*WORK TO COMPLETE:* Before you finish, make sure every line below has been written out exactly.

*COLLECTED DATA:*

• • • • • • •

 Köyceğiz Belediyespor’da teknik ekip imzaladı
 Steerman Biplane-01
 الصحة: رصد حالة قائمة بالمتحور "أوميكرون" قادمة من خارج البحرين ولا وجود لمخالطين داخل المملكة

• • • • • • •

*COMPLETED TASK:*
 Köyceğiz Belediyespor’da teknik ekip imzaladı
 Steerman Biplane-01
 الصحة: رصد حالة قائمة بالمتحور "أوميكرون" قادمة من خارج البحرين ولا وجود لمخالطين داخل المملكة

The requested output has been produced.